Work task.
For the entries that follow, retype exactly the lines from the one containing "How much does a 12x12 kitchen cost" to the one containing "It Professional Resume", inclusive, and only those. Images stay out of the copy.

Input.
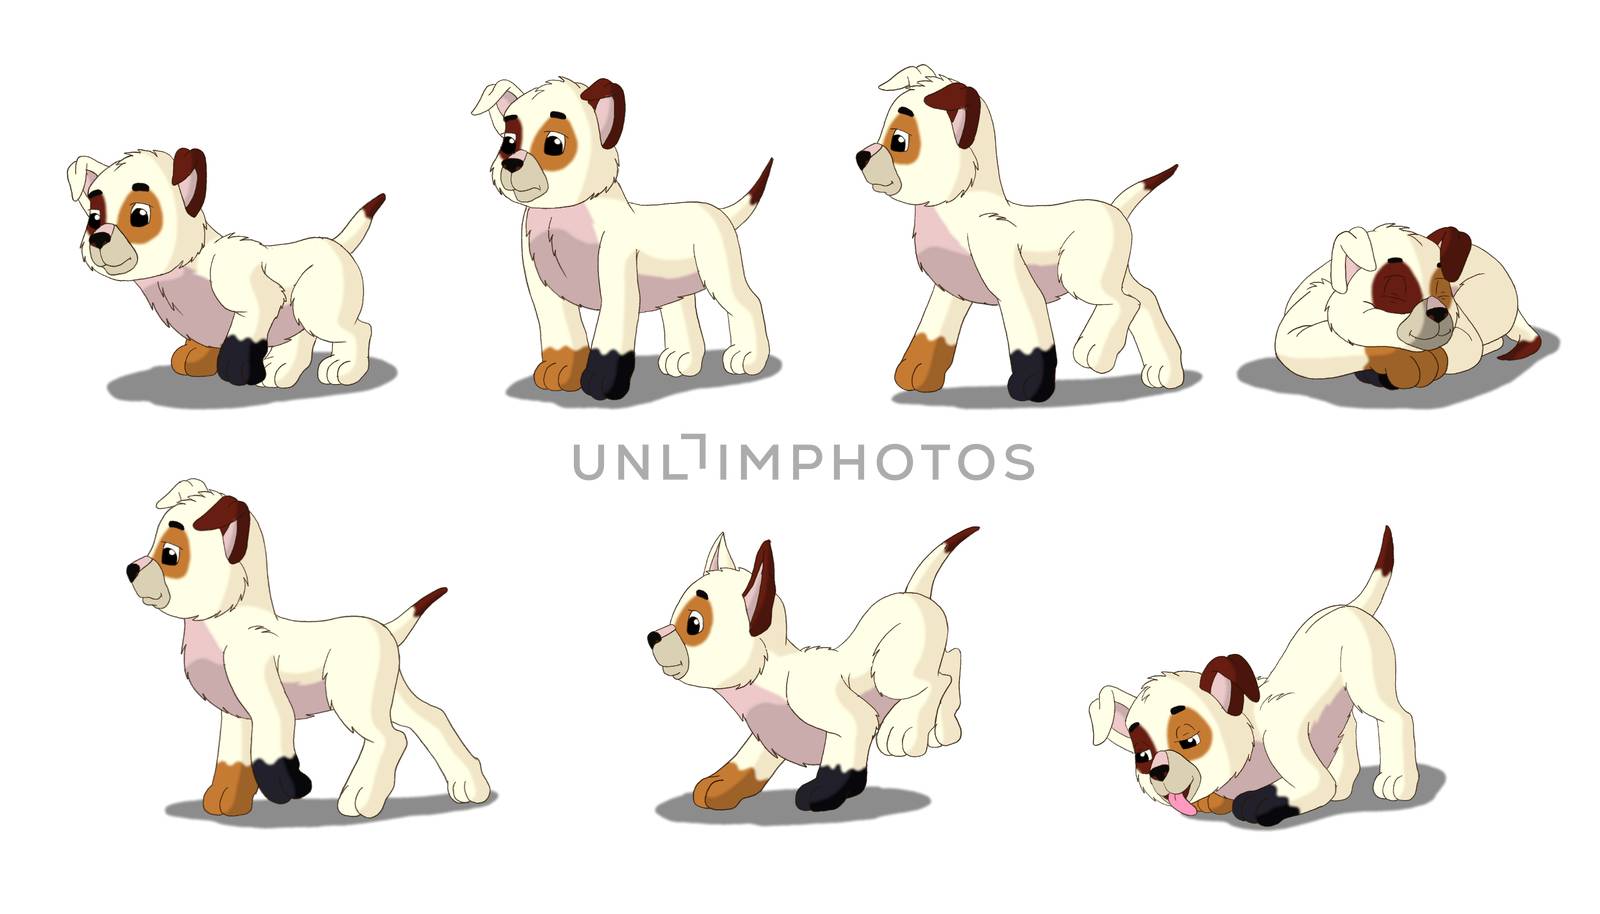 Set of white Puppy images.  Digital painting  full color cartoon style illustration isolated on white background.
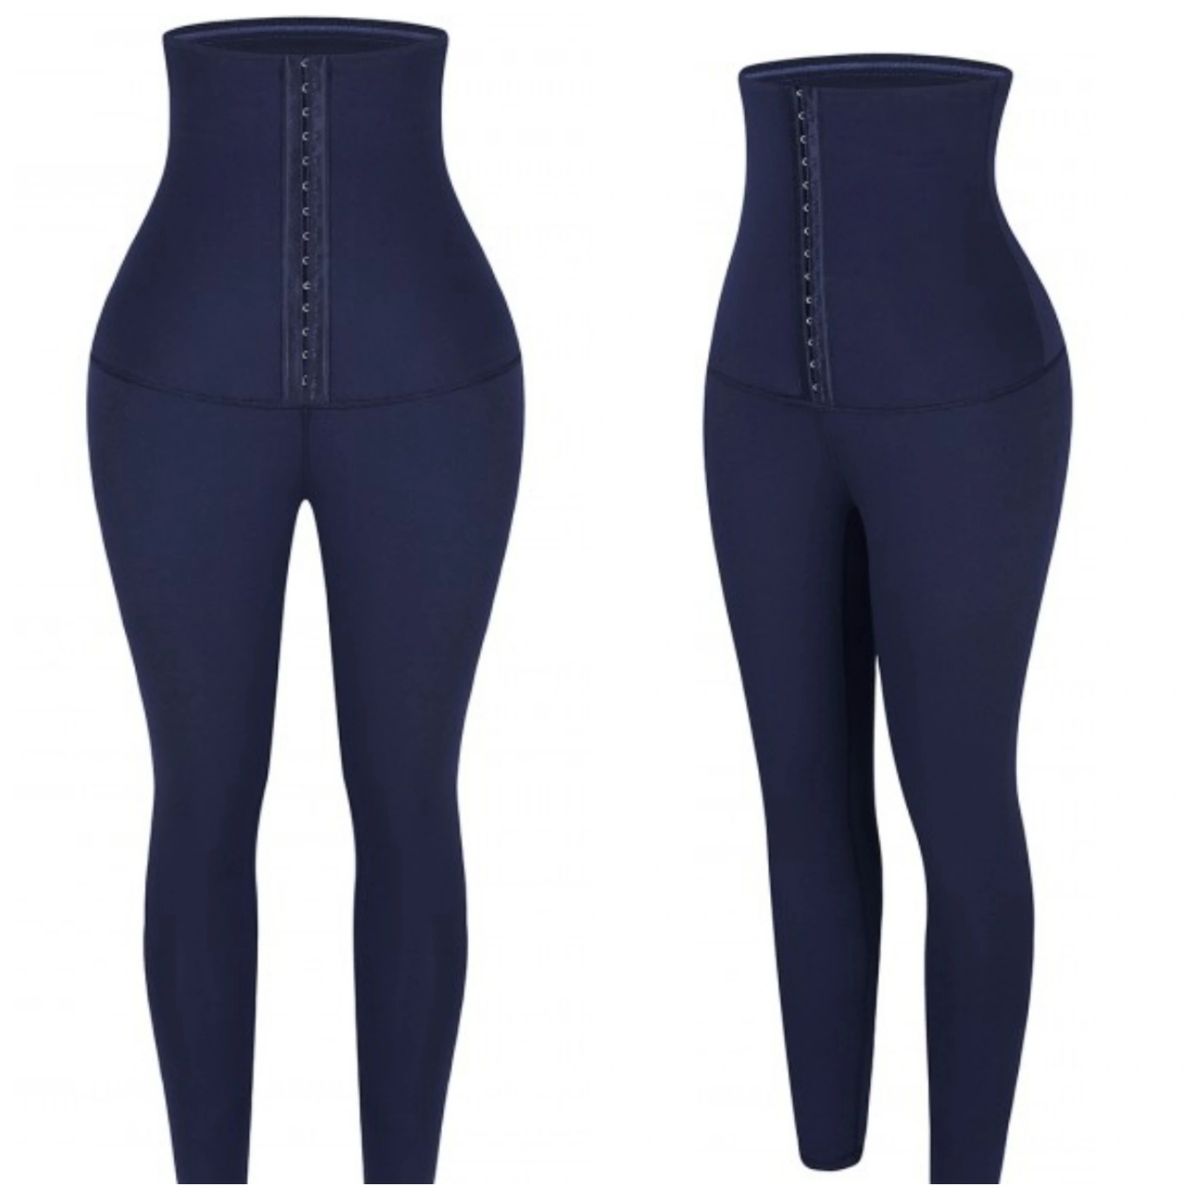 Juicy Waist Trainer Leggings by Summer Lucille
---
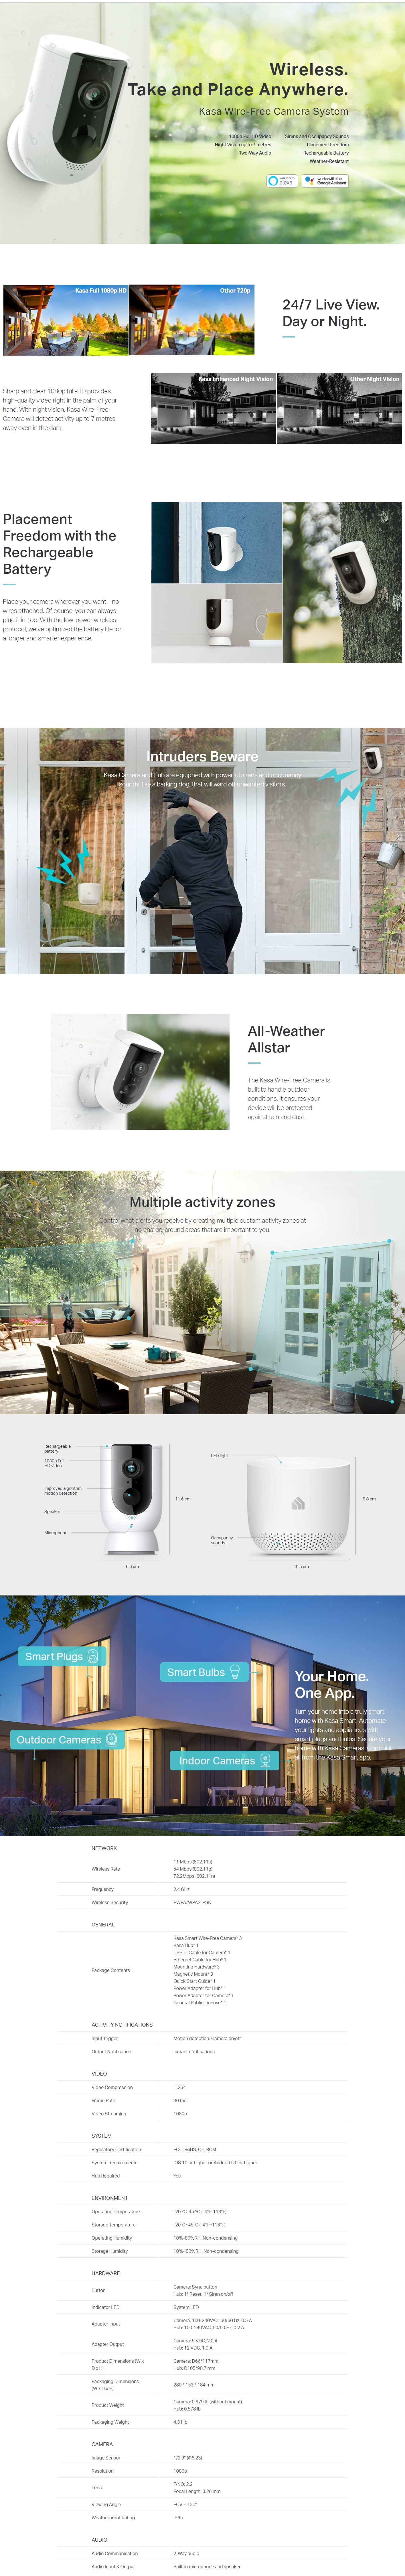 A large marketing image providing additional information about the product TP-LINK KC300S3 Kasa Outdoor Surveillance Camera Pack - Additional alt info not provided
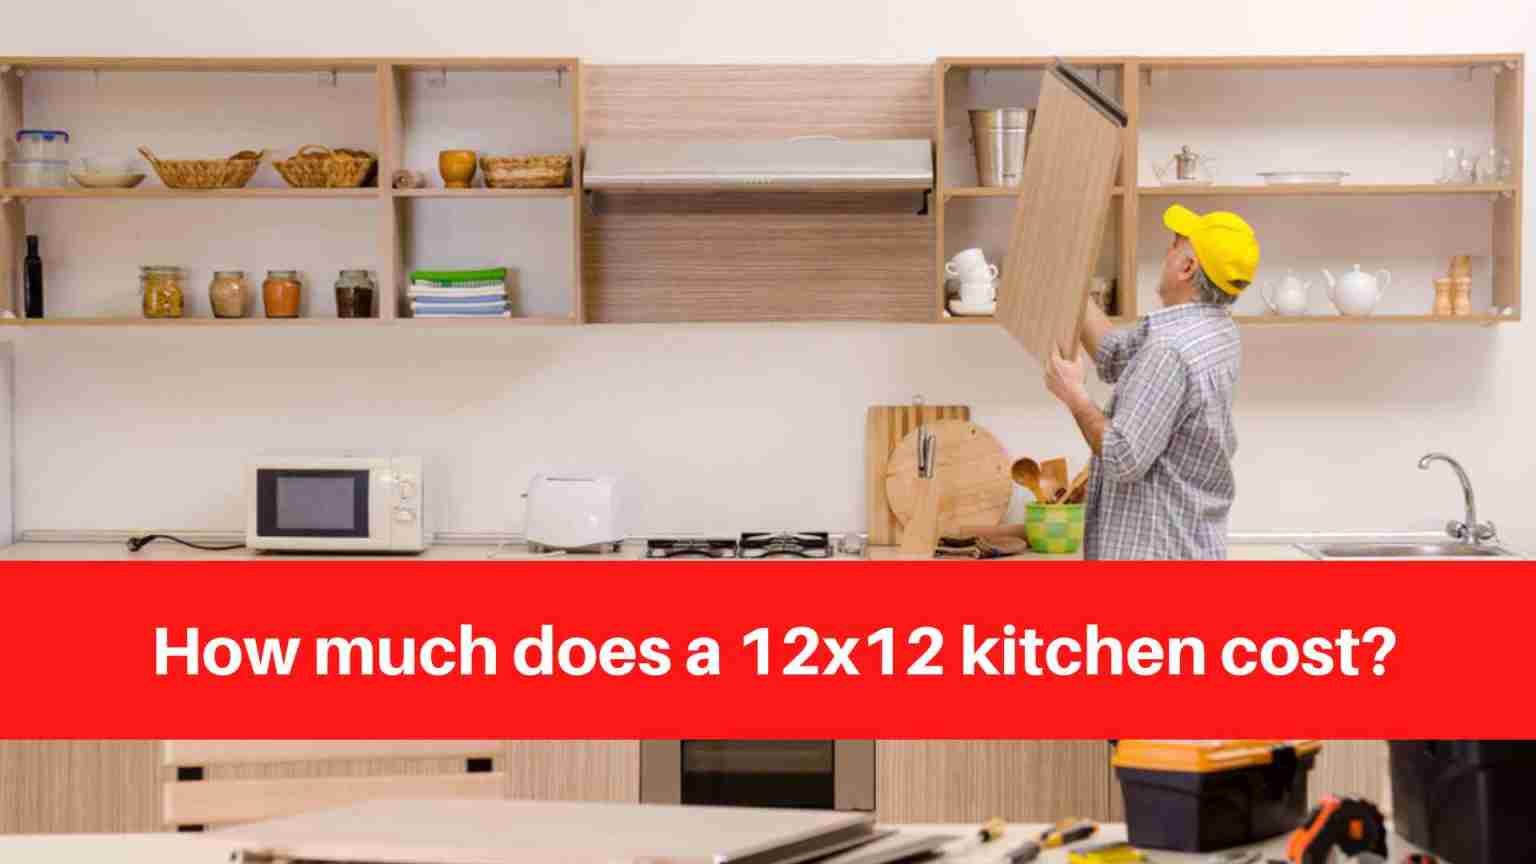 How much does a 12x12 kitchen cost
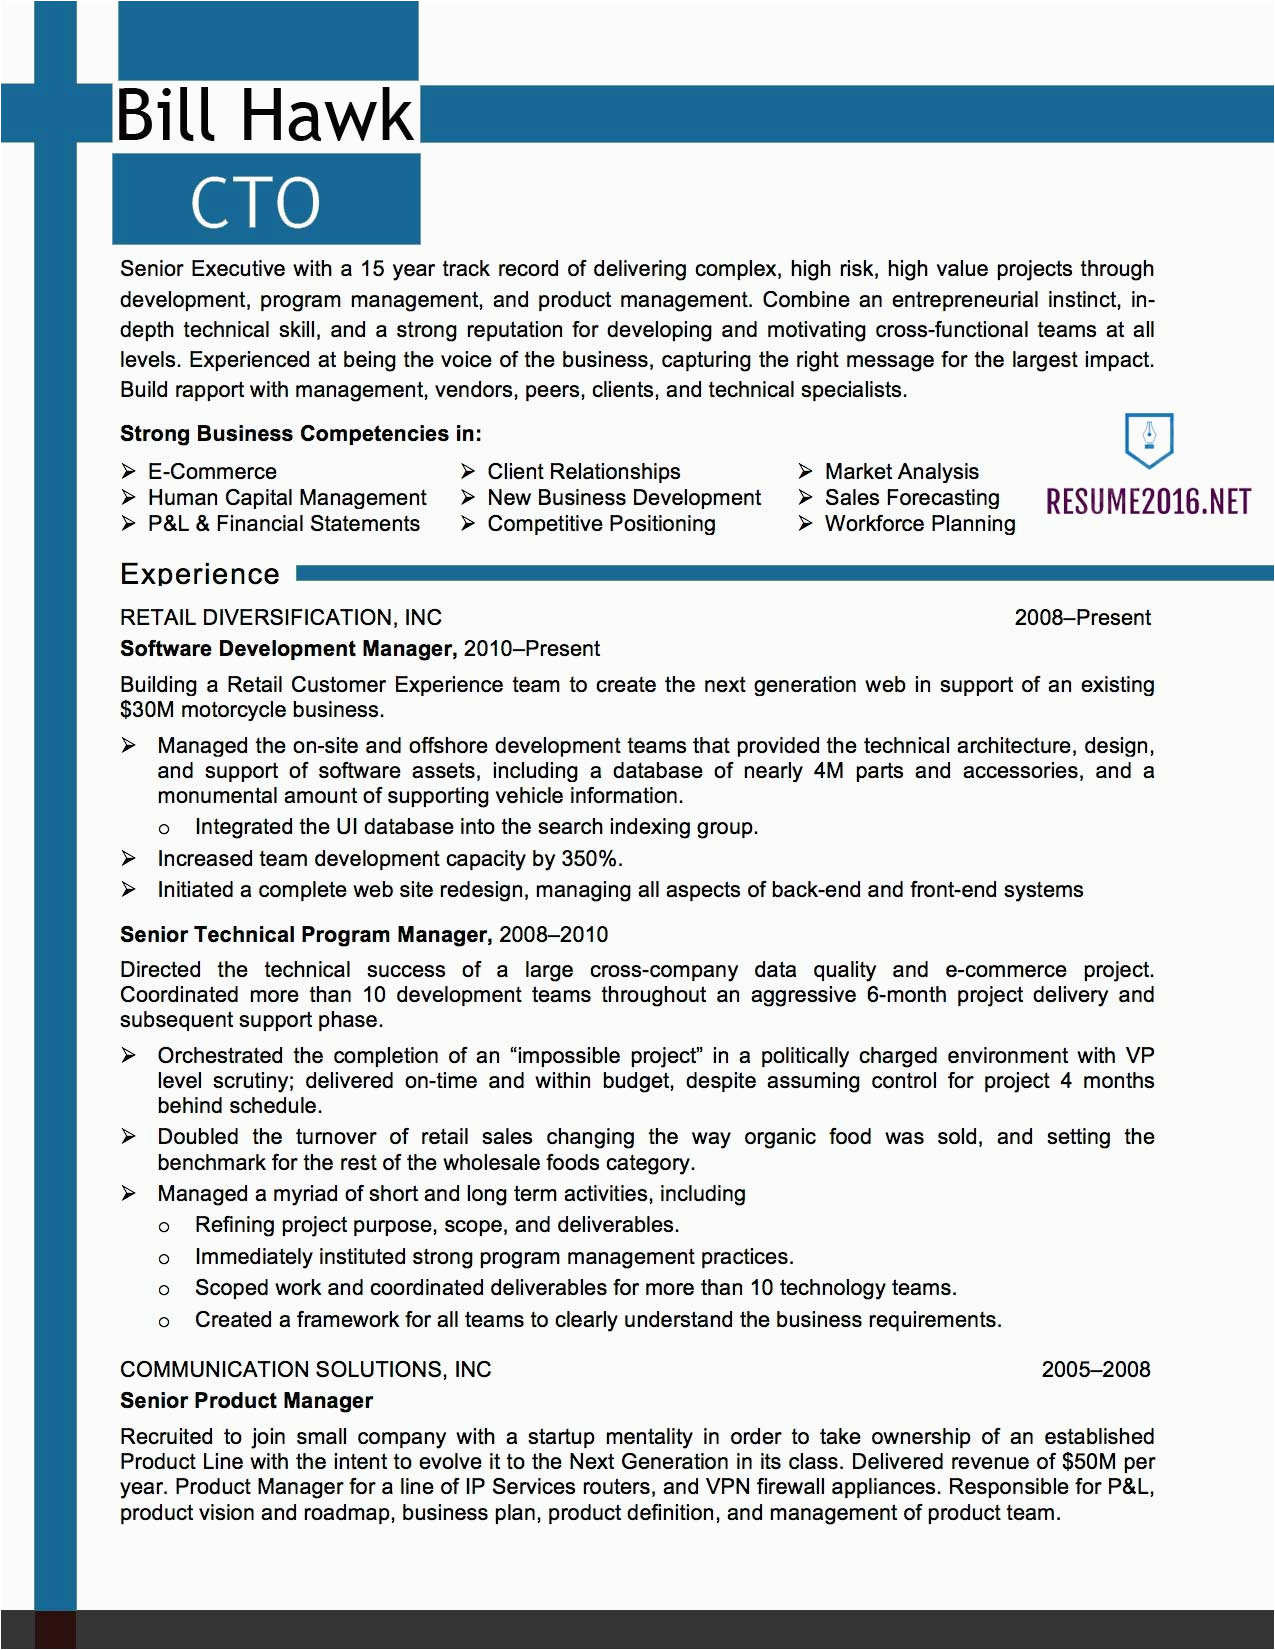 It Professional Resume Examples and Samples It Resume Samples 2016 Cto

Task solution.
 How much does a 12x12 kitchen cost
 It Professional Resume Examples and Samples It Resume Samples 2016 Cto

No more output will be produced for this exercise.